TRIBUNNEWS.COM, JAKARTA -Serikat Pekerja Jakarta International Container Terminal (JICT) menyayangkan pernyataanMenko Perekonomian Sofyan Djalil, terkait kisruh perpanjangan konsesi JICT kepada pihak asing, Hutchison Port Holding Hongkong.
Sesuai aturan perundang-undangan, persetujuan perpanjangan konsesi bukanlah wewenang Menko Perekonomian, melainkan Menteri Perhubungan.
"SP heran dengan keterangan Menko Sofyan Djalil yang menyatakan memberi lampu hijau manajemen Pelindo II tetap perpanjang konsesi dengan Hutchison. Menko tidak paham bahwa menurut UU Pelayaran 2008, perpanjangan konsesi harus melalui persetujuan Menteri Perhubungan. Menko seolah tidak memahami ketentuan ini, memprihatinkan," kata Ketua Serikat Pekerja JICT Nova Hakim, Senin (10/8/2015).

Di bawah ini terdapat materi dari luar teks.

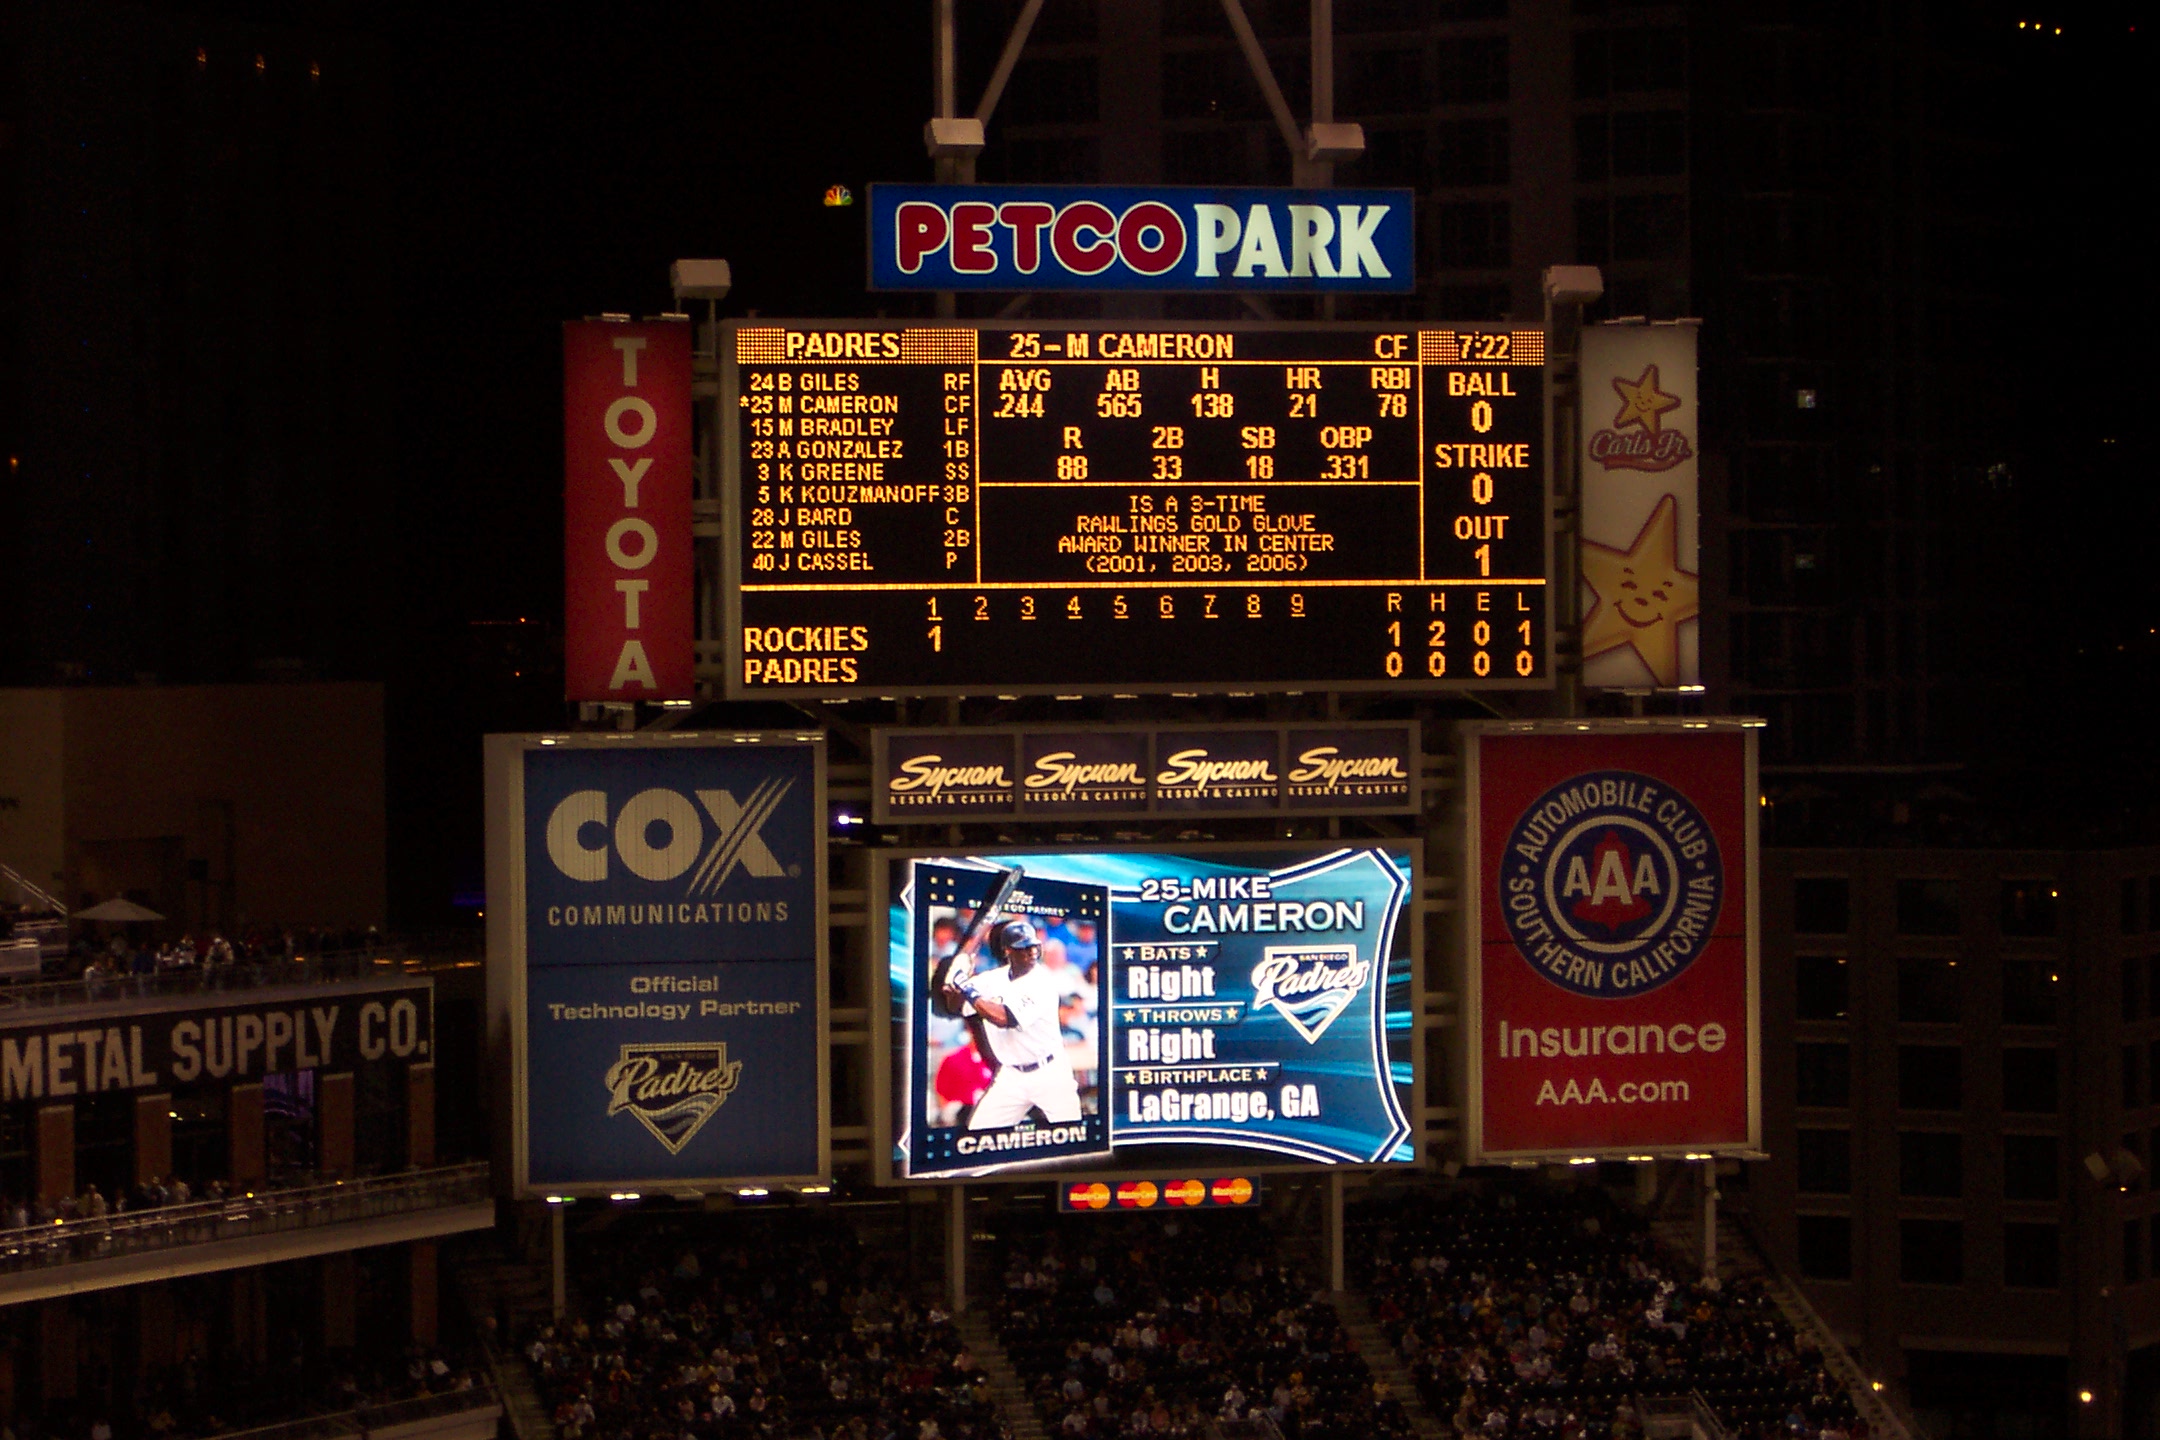 the scoreboard for petco park at night with its numbers and time
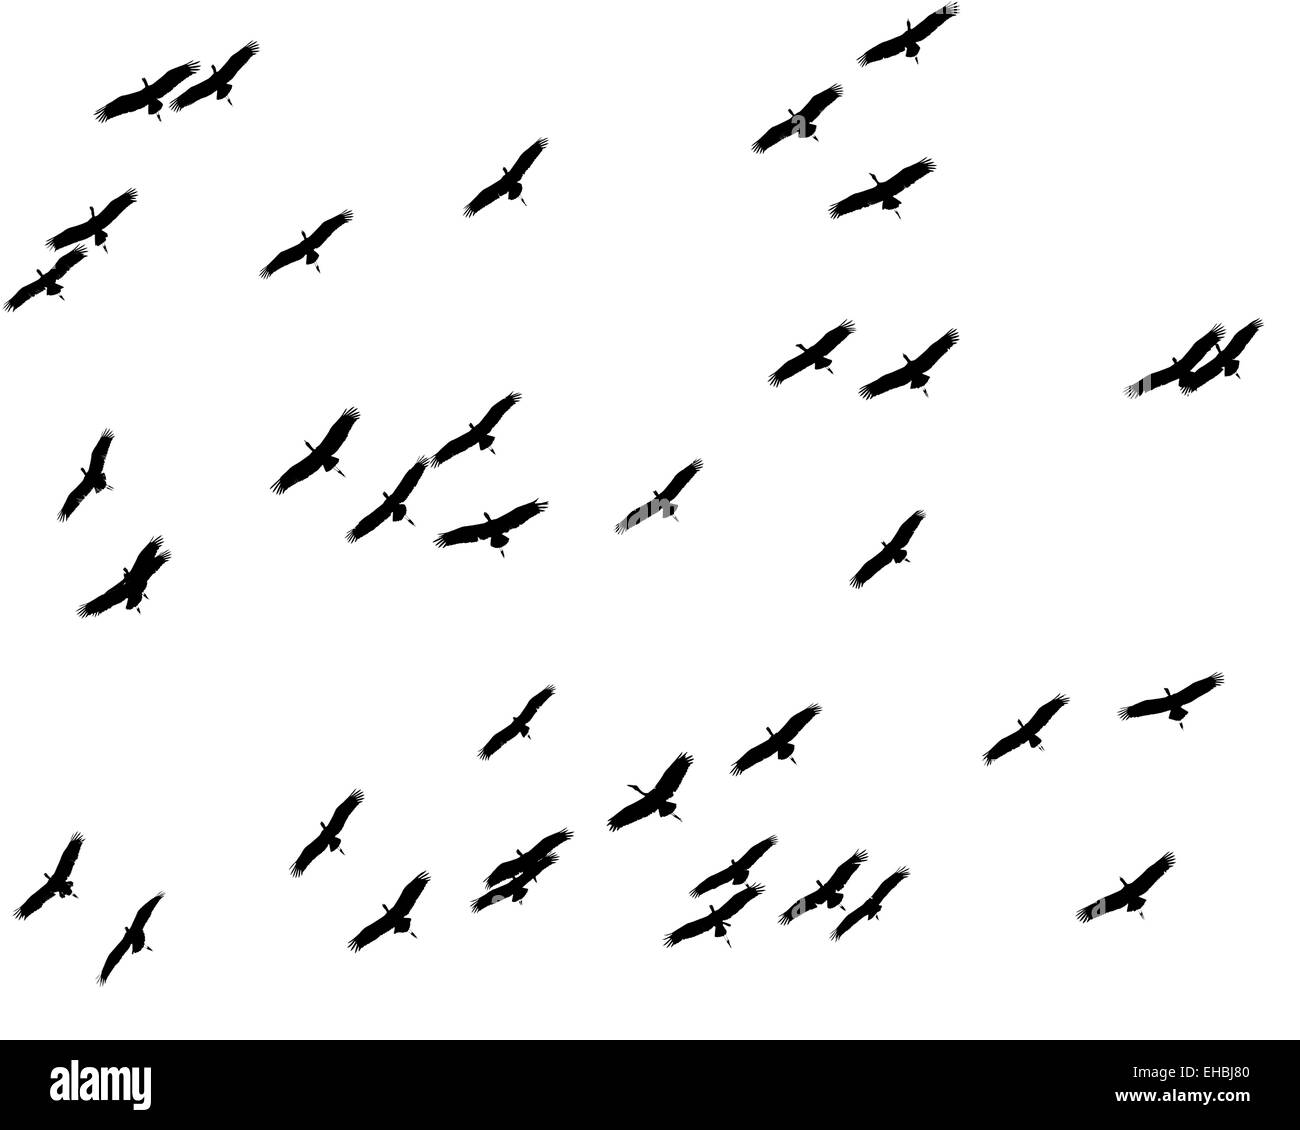 A graphical composition of a flock of storks, silhouetted against the sky. Stock Photo

Serikat Pekerja, kata Nova, juga menyayangkan pernyataan Sofyan Djalil yang menyatakan perpanjangan konsesi menjadi hak Kementerian BUMN.
Padahal, Menteri BUMN sebelumnya pernah mengeluarkan surat kepada Dirut Pelindo II, perpanjangan konsesi harus memperhatikan UU Pelayaran tahun 2008 yang menetapkan Menteri Perhubungan sebagai regulator pelabuhan dan Pelindo sebagai operator pelabuhan.
Serikat Pekerja JICT, lanjutnya, juga heran dengan pernyataan Menko Perekonomian bahwa perpanjangan konsesi JICT kepada Hutchsion bukanlah urusan serikat pekerja.
Keterlibatan Serikat Pekerja dalam persoalan konsesi ini tidak lebih karena kecintaan pada aset nasional yang bisa membawa manfaat besar bagi kesejahteraan rakyat.
"SP justru berusaha memberikan masukan yang seharusnya dijadikan pertimbangan pemerintah untuk keputusan yang berorientasi kepada kepentingan nasional sebesar-besarnya," kata Nova.
Serikat Pekerja, ujarnya lagi, juga menyayangkan pernyataan yang disampaikan Ketua Komite Pengawas JICT Erry Riyana dan anggota Komite Pengawas JICT Faisal Basri.
Patut diketahui, bahwa persoalan JICT muncul sebagai akibat keputusan sepihak Direktur Utama Pelindo II RJ Lino yang memberikan perpanjangan konsesi JICT kepada Hutchison Port Holding Hongkong dengan melanggar UU dan merugikan bangsa.
Komite Pengawas JICT menyatakan bahwa Serikat Pekerja JICT telah melakukan aksi berdampak negatif bagi JICT dan masyarakat luas sebagai pelampiasan ketidaksetujuan Serikat Pekerja terhadap perpanjangan konsesi JICT.
Padahal, aksi yang dilakukan SP JICT adalah aksi solidaritas terhadap dua pegawai JICT yang diberhentikan oleh Dirut Pelindo tanpa melalui prosedur hukum yang benar. Begitu kedua pegawai itu dipekerjakan kembali, aksi solidaritas pun dihentikan.
Ditegaskan, Serikat Pekerja tidak pernah menyetujui perpanjangan konsesi JICT kepada Hutchison seperti yang disampaikan Komite Pengawas.
Meski, Serikat Pekerja juga tidak pernah menyatakan bahwa JICT tidak boleh dijual atau dimiliki pihak asing.
Serikat Pekerja menilai kondisi idealnya adalah bila JICT sebagai aset ekonomi yang menguntungkan sepenuhnya dimiliki Indonesia, namun SP juga menyetujui pemilikan saham JICT oleh pihak asing apabila dilakukan dengan mengikuti peraturan perundangan dan membawa manfaat terbesar bagi kesejahteraan bangsa Indonesia.
"Karena itu, Serikat Pekerja JICT kembali mendesak pemerintah agar menghentikan perpanjangan konsesi JICT, meninjau kembali pilihan-pilihan yang ada dan segera mengambil keputusan sesuai hukum dan kepentingan rakyat seluas-luasnya," Nova menegaskan kembali.